2) Ensure all leads, cables, and expansion cards are correctly connected
3) Ensure that the CPU is seated properly, and that the CPU and the heatsink are flush mounted together. In the event that the CPU and the heatsink have become separated clean the surfaces (very carefully) and apply (suitable) heatsink compound, re-assemble, and reinstall.
4) Disconnect all bar the essential devices from the motherboard and re-test
5) Inspect the PSU. Is the PSU fan working, is the unit dust free (do NOT open the PSU under any circumstances)
6) Check the BIOS health state for the PC if is successfully passes POST tests
7) Run memTest86 (download from the www) to check the RAM integrity
8) If you have doubts about the PSU then replace it with a known working spare PSU.
The PSU can be tested by disconnecting it from the PC, connecting a dummy load, and using a multi meter to check the output voltage levels. Alteratively you can use a plug in PSU tester to check the PSU (available from retail shops and the www vendors - but beware that these have limitations).

If it is not dust contamination, bad RAM, faulty PSU, then it may be that the motherboard and/or CPU are defective.

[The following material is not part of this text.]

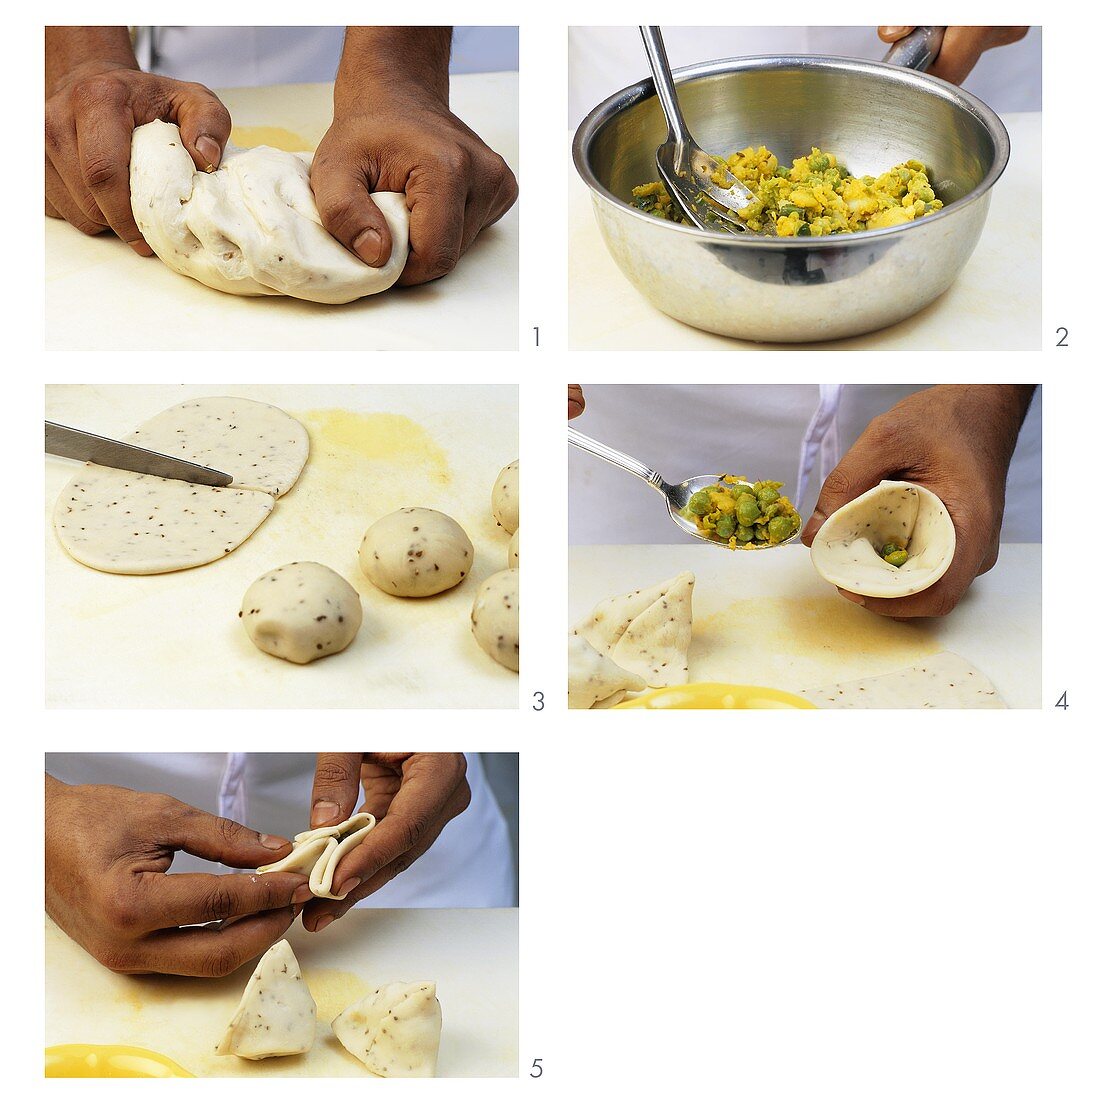 Making samosas with pea filling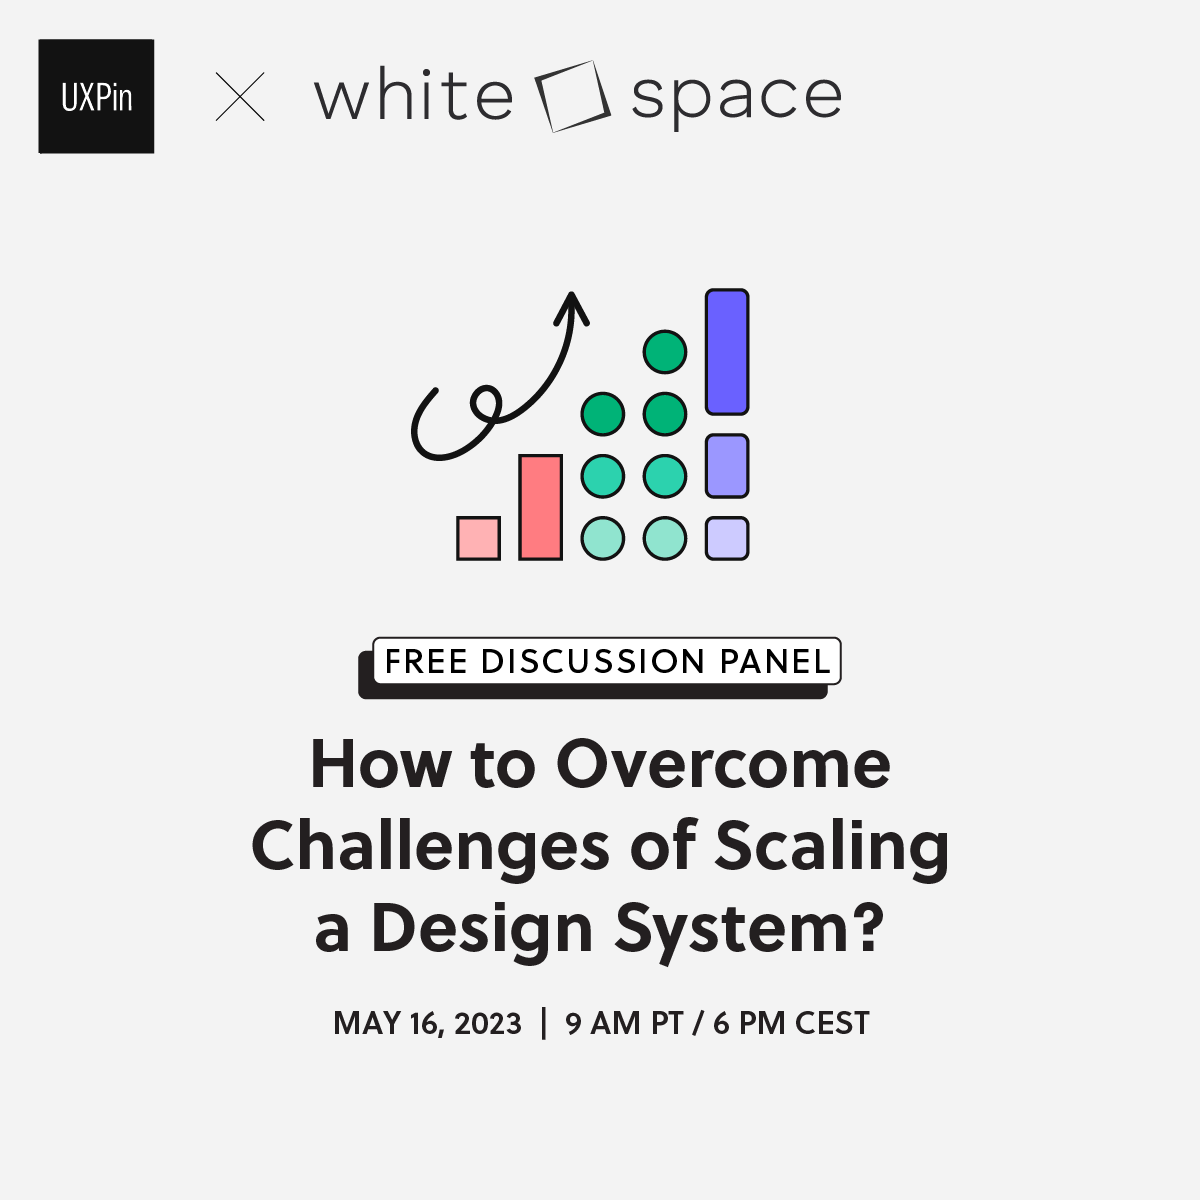 Webinar on Scaling Design Systems

In essence it is really a systematic clean, minimum load test, and systematic reconnect approach that is required.

Commercially faulty motherboards are generally checked for defects using a POST adapter, this is an adapter that is plugged into the motherboard's back plane. The card monitors the bus traffic and indicates the stage that the machine has reached during POST. When the machine fails then the board displays information about the last state that the motherboard reached. Generally these cards are not available at retail level.

It is very hard (almost impossible) to determine whether the PC has indeed reached a "frozen" (no CPU processing activity) state without resorting to the use of a logic analyzer or at least an oscilloscope.